Водопровод в подвал проведен не был, что являлось причиной постоянных хождений туда и обратно, шла ли речь о том, чтоб привести в чувство потерявших сознание заключенных, или же вода требовалась следователям для питья. Дулич и здесь видел непорядок, ему захотелось сказать об этом незнакомому охраннику, но он воздержался: не стоило чернить руководство! Исподлобья взглянул на него: сплющенное пепельно-серое лицо с реденькими, подстриженными усиками; будто наедине с собой, служивый вдохновенно ковырял в курносом носу громадным, мясистым пальцем. Дулич отвернулся. Уродливость физиономии охранника, с безразличием идиота ковырявшего в носу, настолько не соответствовало ладно выкроенному лицу Остоина, что ему пришла в голову мысль: до чего ж несправедливо и неестественно, что истязатель и истязуемый не поменялись ролями! Но, — тут же заключил он, — сравнение это бьет и по нему самому, собственно, по нему-то и бьет, может, оно и возникло в глубине его сознания, чтобы его помучить. Он всегда считал свою внешность подлинным наказанием: низенький, спина сутулая, узкое костлявое лицо, близко посаженные, будто косящие глаза. Единственно, волосы у него были хорошие, очень темные и волнистые, и он заботливо за ними следил, но даже и их не сумел передать Ежику — у сына была лохматая, во все стороны торчащая жесткая грива, из-за чего он сам, наполовину в шутку, а наполовину с горечью, еще когда тот был совсем маленьким, дал сыну прозвище Ежик (Sünöcske по-венгерски), так и прижившееся в их доме.

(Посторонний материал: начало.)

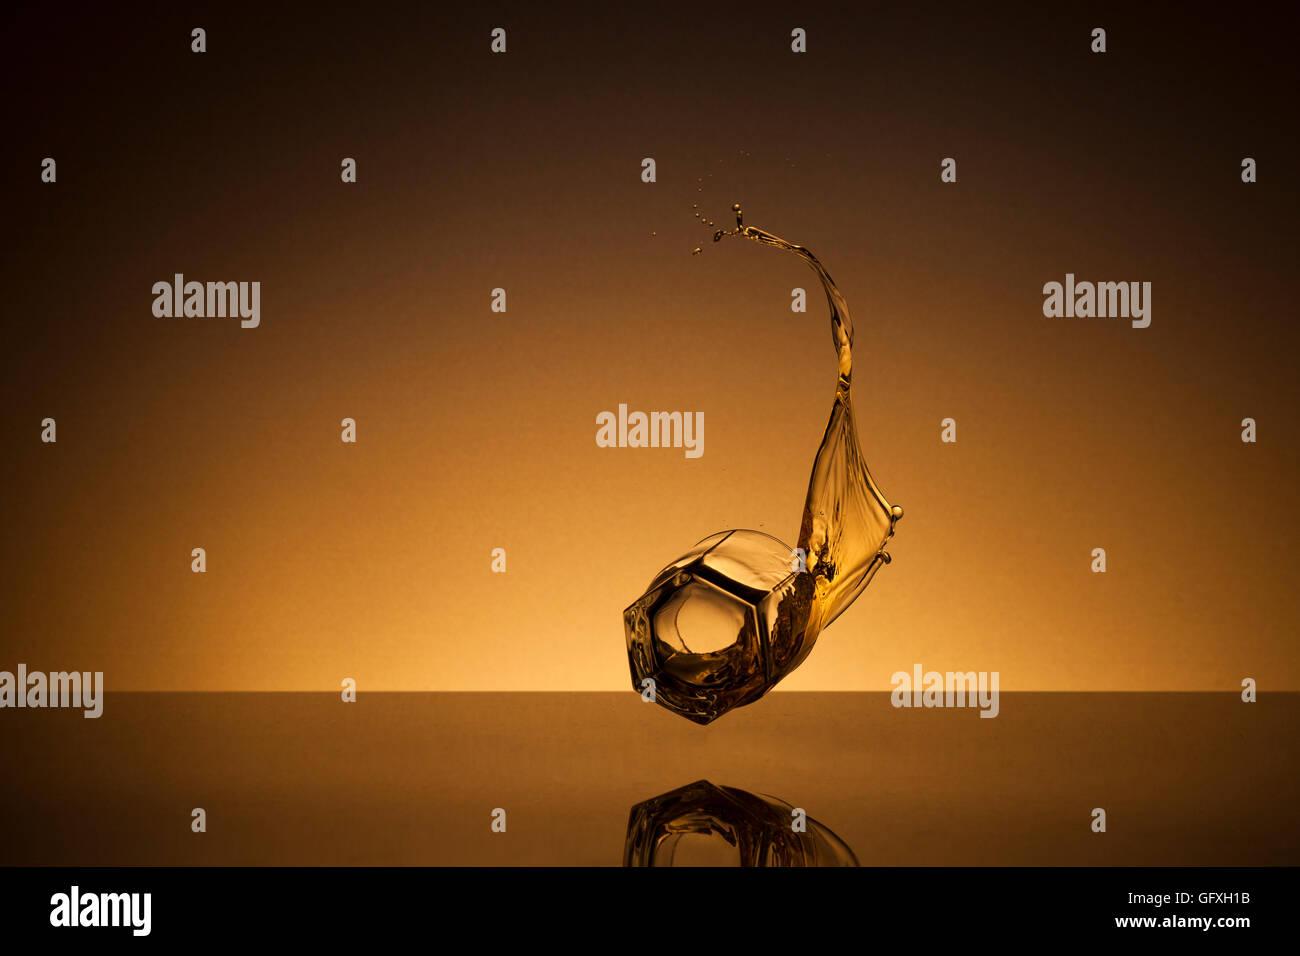 Flying glass of whiskey - Stock Image

Ежик! Сейчас он, конечно же, весь горит, как и утром, перед тем как ему уйти на службу, похудевший, прозрачный, с обманчивыми, румяными пятнами на осунувшихся щеках, беспомощно помаргивающий близко поставленными крошечными глазками. Совсем жалкий. И всегда он был жалкий, и ничем ему не поможешь, никакими силами не избавишь от хилой фигурки, тонюсеньких костей да блеклой кожи. Ни в чем у него недостатка нет — ни в еде, которой он, отец, в его возрасте не имел, ни в теплой одежде… Нежностью вот разве обделял его, с виду по крайней мере, но тут жена виновата, постоянно дрожавшая над сыном, будто того каждую минуту подстерегает смерть. Дулич силком пытался разуверить их обоих, закалял сына строгостью обращения, готовя его к суровой жизни, его ожидающей, но вместо того чтобы окрепнуть, Ежик таял на глазах, не выбираясь из хворей и следуя не его наставлениям и подбадриваниям, а зловещим предсказаниям матери. И сейчас, едва вспомнив о сыне, Дулич ощутил неодолимую потребность оказаться возле него, поддержать, прикосновеньем руки помочь одолеть болезнь, но знал — ничего хорошего из этого не получится, как никогда не получалось — лишь напугал бы его еще больше.